Making the group of people without a birth date was very fast , about a second or so. It was just like phase #1 of the Advanced Search that was so slow overall. What I had not yet tried was using the group of people without birth date to filter People List View. When I did, RM8 locked up for about 30 seconds until the filter was applied. At that point, RM8 was unlocked and I could proceed normally. During the whole 30 seconds, RM8 was CPU bound, maxing out a single processor core for the whole time. It was just like phase #3 of the Advanced Search that was so slow overall.
A bit of good news is that filtering by making a group instead of by using the Advanced Search directly seemed to avoid the 60 second of waiting in phase #2 while RM8 was disk bound reading something out of the RM8 database. And this was on my machine with the very fast SDD disk. On my machine with the more typical HDD disk, phase #2 took over 600 seconds.

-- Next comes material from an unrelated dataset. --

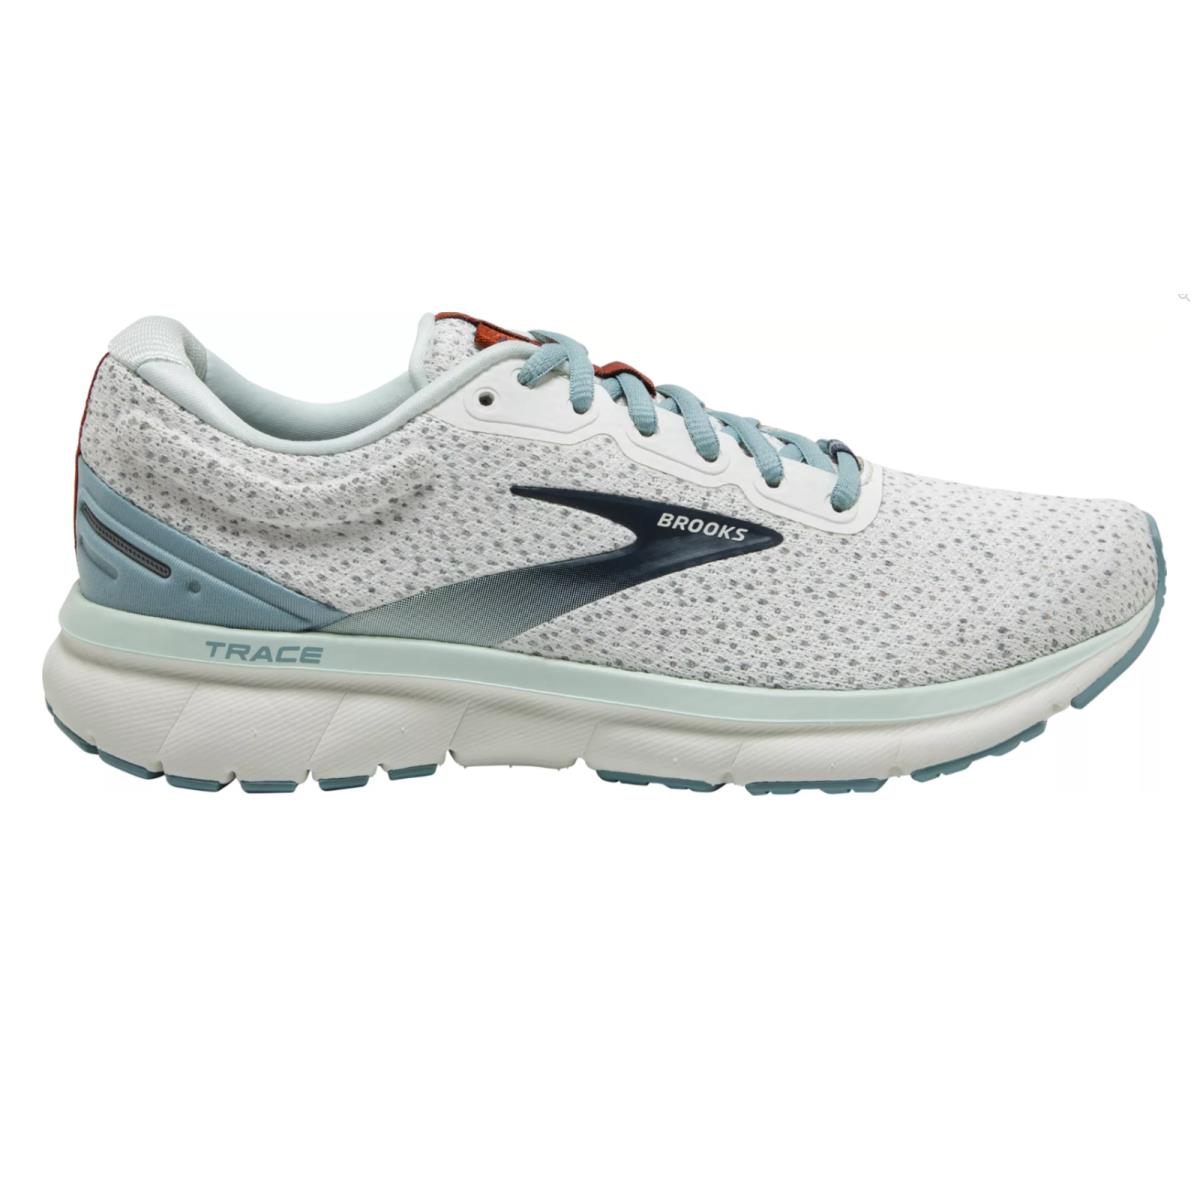 Brooks Trace Women`s Road Running Shoes 120351 1B 116 Size 6

A bit of bad news is that if I then went from People List View to one of the other Views such as Pedigree View or Family View and then returned to People List View, RM8 locked up for 30 seconds again. The lockup occurs every time I leave People List View for another View and then return to People List View. If I remove the filter, People List View responds instantaneously. If I re-apply the filter while in People List View, it locks up for 30 seconds. So it’s obviously the application of the filter that’s the problem, not changing views. It’s just that changing into People List View can require RM8 to re-apply the filter.

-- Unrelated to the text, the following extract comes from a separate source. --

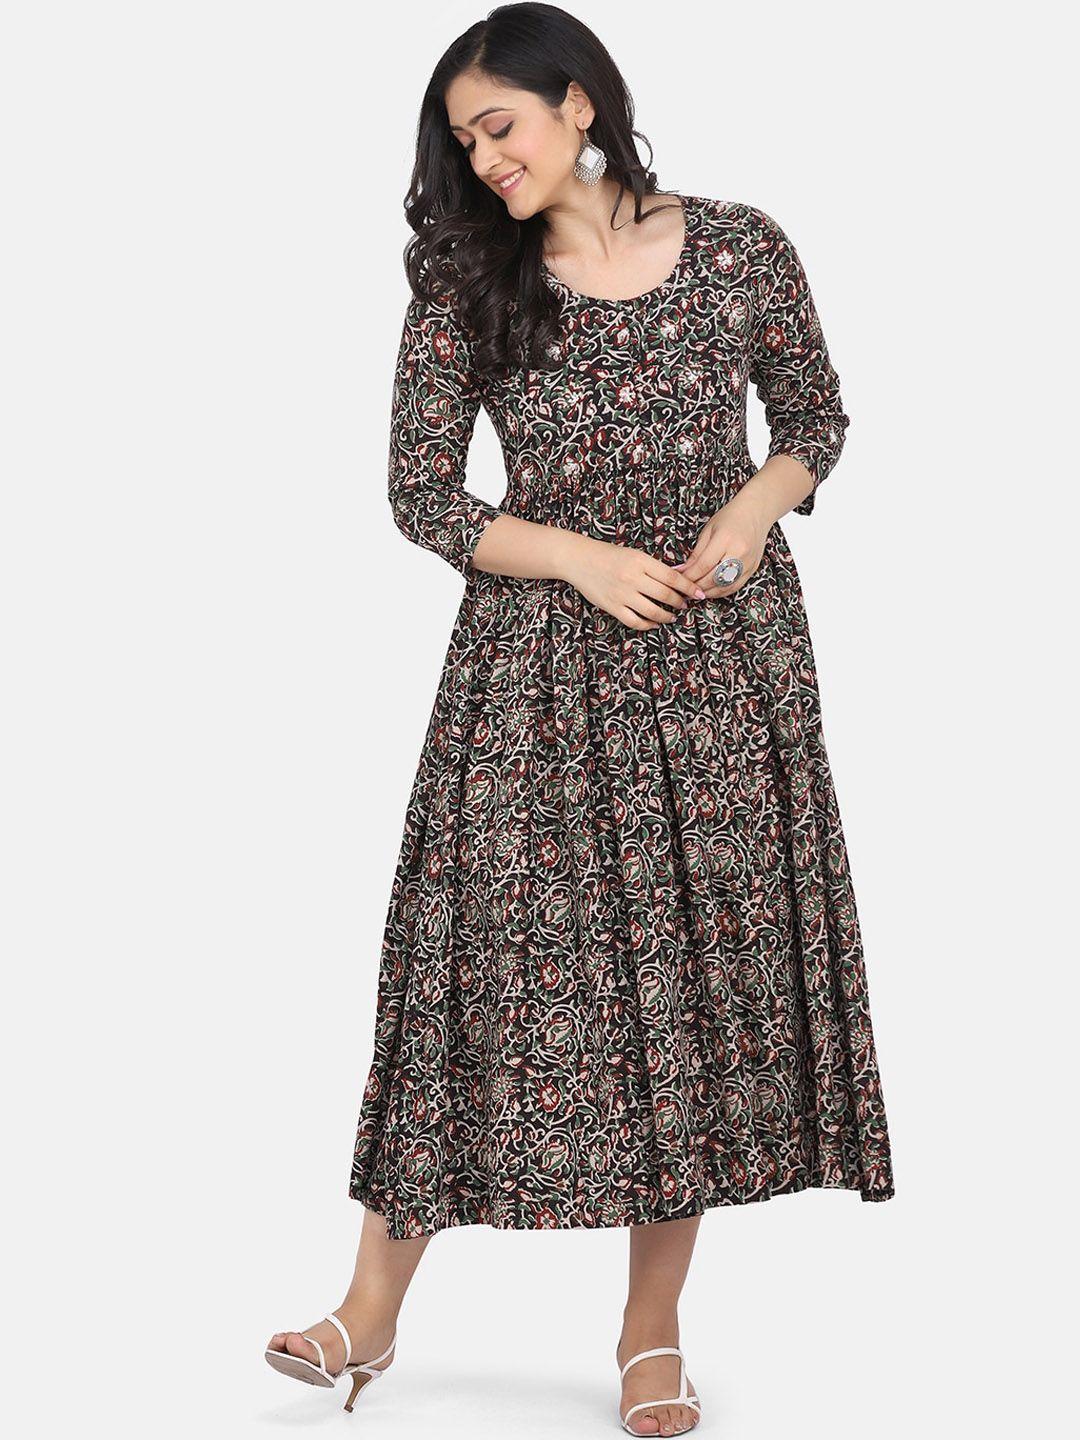 saanjh black floral printed pure cotton fit & flare midi dress

A final bit of bad news is that I tried the same filter on the Index tab of the Left Side Panel. RM8 also locks up for the same 30 seconds of being CPU bound when the group filter is applied to the Left Side Panel.

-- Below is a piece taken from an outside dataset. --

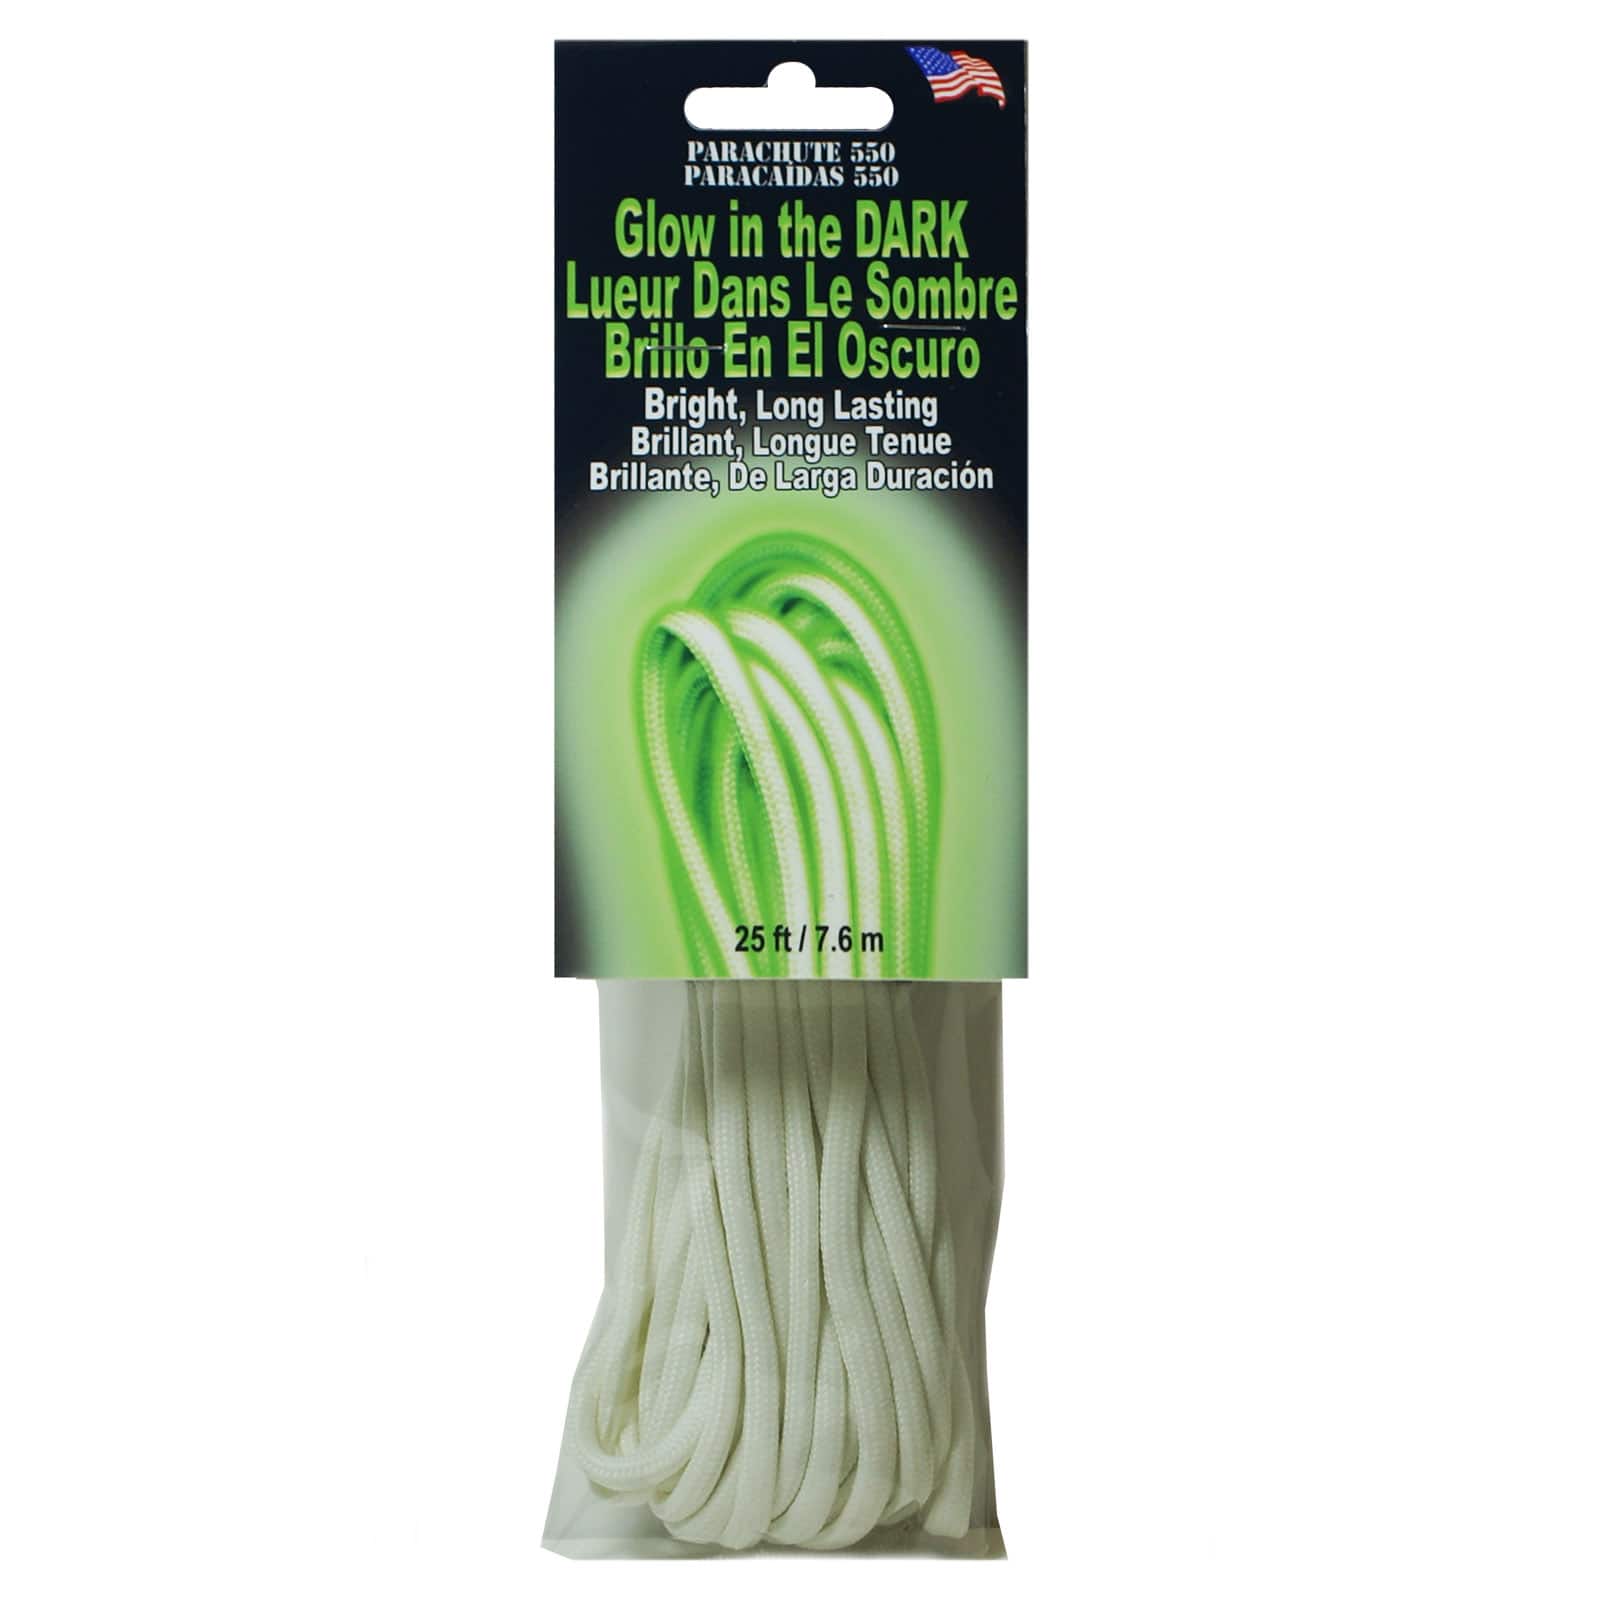 Buy the Pepperell 550 Parachute Cord, Glow In The Dark at Michaels

So I still don’t understand the 60 seconds of RM8 being disk bound during the Advanced Search. But for the 30 seconds of being CPU bound during this Advanced Search, it’s like Advanced Search is making a tempory and unnamed group and that it is applying that group as a filter for the search. And it’s taking 30 seconds of CPU time to apply the filter to this particular group.
I thought about making another video to show how it is slow with this alternative workflow, and I can do so if necessary. But I think this word description is adequate to describe the problem.
There seems to be a general issue in either building a ‘list’ of data items and/or then formatting them for display, one or both of which seem incredibly CPU intensive.
I am a Mac user, but have seen such symptoms in other areas, even when the ‘list’ should be quite small. For example, note edit gets more and more CPU intensive as the note lengthens. Similarly, when importing an RM7 file, the scanning of the disk for RM7 files results in an increasingly long CPU bound period as the number of files that can be found increases from a single digit number to more than 40. Scanning the rest of the disk is very fast, but handing the 40 file names found can be processor bound for about 70 seconds. It is as though the processing required expands almost exponentially as the number of ‘items’ - lines of a note, number of files, etc - increases by relatively low multiples.
I have reported these 2 particular ‘problems’ as they are very easy to reproduce and they have been accepted, but I haven’t seen any improvement so far. There MUST be some weird common processing going on that is used in a number of different areas within RM. All we can do is try to find examples that are easily repeatable and keep reporting them to support.